The Bananas Foster Republic of the United States

Donald J Trump has been indicted. The exact charges are not yet known and will not be known until he is formally arraigned next week.

Bananas Foster, a lovely, decadent dessert for sybarites, voluptuaries, and hedonists invented in 1954 at Brennan’s in New Orleans to honor a loyal customer named Foster.

What did The Donald do, Big Red Car?

Chief amongst the candidate crimes are:

 1. Felony jay walking in Manhattan on a snow day;

 2. Aggravated Tweeting — yes, I know the old boy hasn’t been on Twitter for some time, but the Manhattan District Attorney doesn’t really follow the whole statute of limitations shuffle;

 3. Falsifying a business record (the account to be charged for an expense) some seven years ago — a misdemeanor with a two year statute of limitations;

 4. Failing to floss on a regular basis;

 5. Taking more than two Mulligans in any calendar month; and, my fave

 6. Paying a couple of ladies of ill repute not to say bad things about him whilst he was running for POTUS seven years ago which, apparently, is not a crime

 7. Eating catsup/ketchup on his steak at 21 in Manhattan

 8. Using the wrong fork with shellfish

 9. Walking in front of the Queen whilst trooping the line with Her Majesty

But, but, but, but, Big Red Car

No ifs, ands, or buts about it — Donald J Trump has been indicted.

 1. You may say the likely allegations — falsifying a business record and making an illegal contribution to his own campaign by paying women with whom he had a Non-Disclosure Agreement to not disclose things that were important to Donald J Trump — are stale, inconsequential, beyond their statute of limitations, and clearly a political bludgeon.

That is your right.

 2. You may say such allegations by a District Attorney who routinely releases indicted felons and dismisses their cases is playing at politics and that the only reason he is doing this is because the old boy’s name is TRUMP.

That is your right.

 3. You may call this an example of the weaponization of the justice system for political purposes.

That is your right.

 4. You may say the District Attorney, a Mr. Bragg, is a hopeless shill and was elected with Soros money to wreak havoc on the justice system — which he has.

That is your right.

 5. You may even note that a Manhattan District Attorney is operating outside his own jurisdiction when the Department of Justice, the Mueller Commission, and the Federal Election Commission have passed on pursuing a legal case on this matter.

That is your right.

 6. You may say that what is good for the goose is good for the gander and that the Federal Election Commission investigated another campaign (HRC, I’m With Her?) for using campaign funds to purchase a shopworn and fictitious Dossier and then paid for it through the legal billings of the campaign lawyers for which she received a fine.

That is your right.

 7. You may even say that indicting a former President in the midst of an announced political campaign seven years in arrears is election tampering.

That is your right.

 8. You may say such conduct is what Banana Republics do.

That is your right.

Point of order and request

But, dear reader, if you go with #8 above will you indulge me and call it a BANANAS FOSTER REPUBLIC? Please.

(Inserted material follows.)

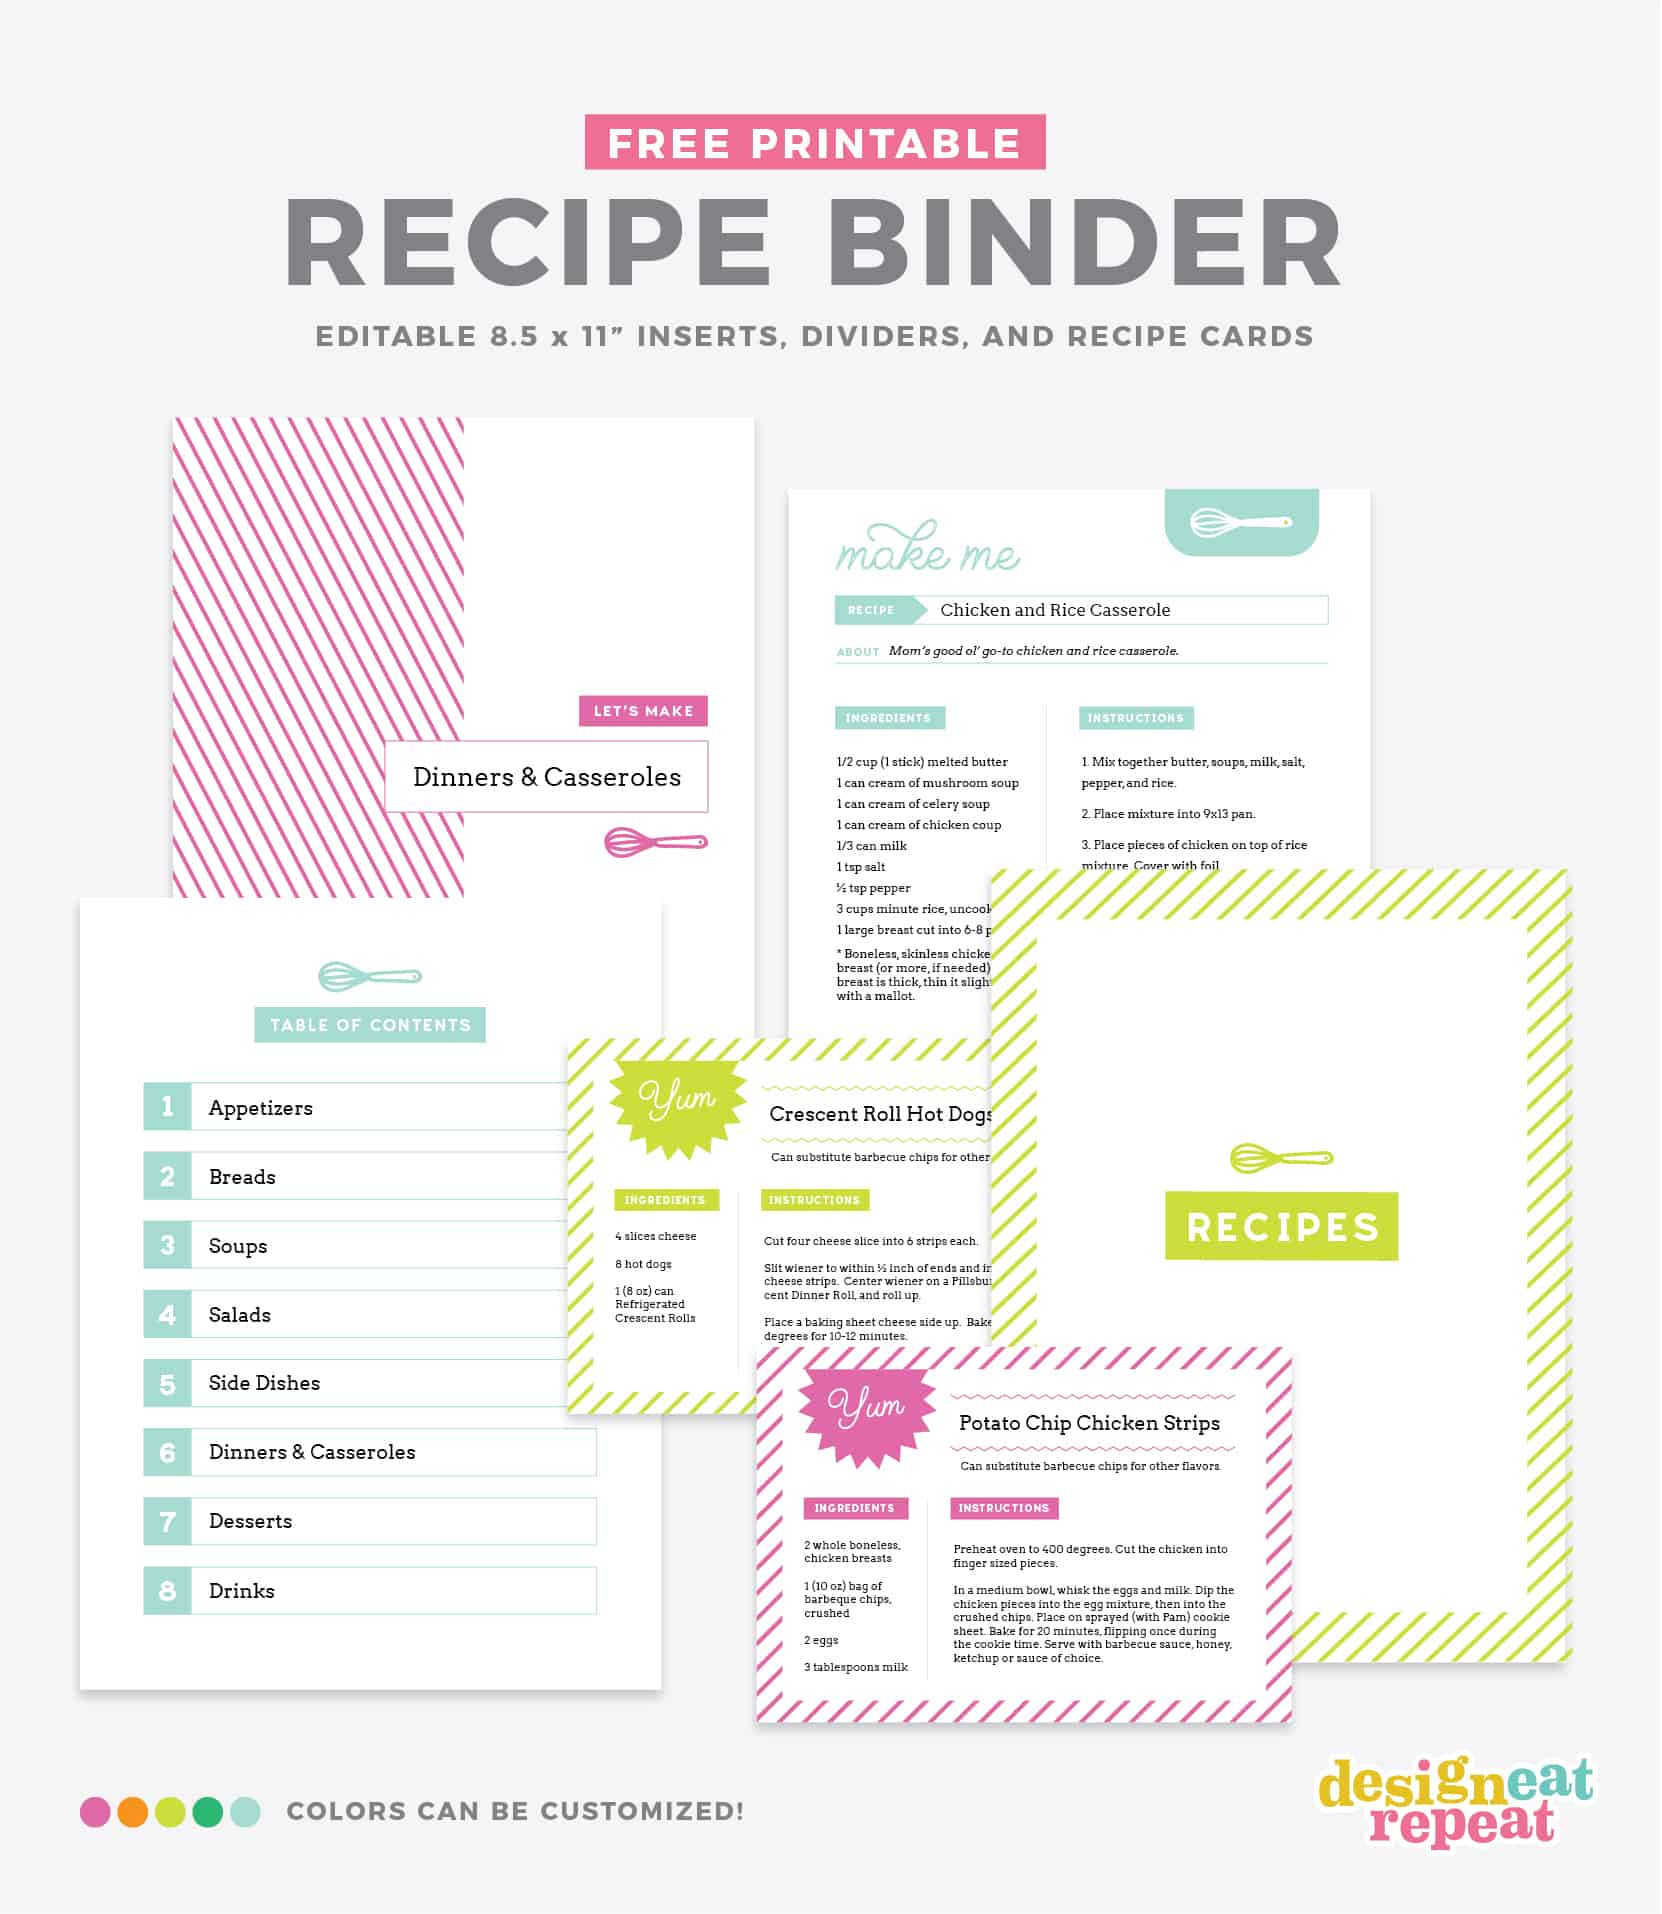 Diy Recipe Book (With Free Printable Recipe Binder Kit!) - Free Printable Recipes

Bottom line it, Big Red Car

I told y’all a couple of months ago that Donald J Trump would be indicted. Now, I tell you this:

The allegations and the resulting case will be dismissed during pre-trial motions.

No jury will ever hear this pathetic attempt at preventing this Trump character from seeking re-election. 

I stand by my earlier assertions that DJT’s shelf life expiration date has passed, that his “sell by date” has come and gone, but I must object to this silly charade which is indicative of a Bananas Foster Republic.

But, hey, what the Hell do I really know anyway? I’m just a Big Red Car. Please pass the bananas Foster.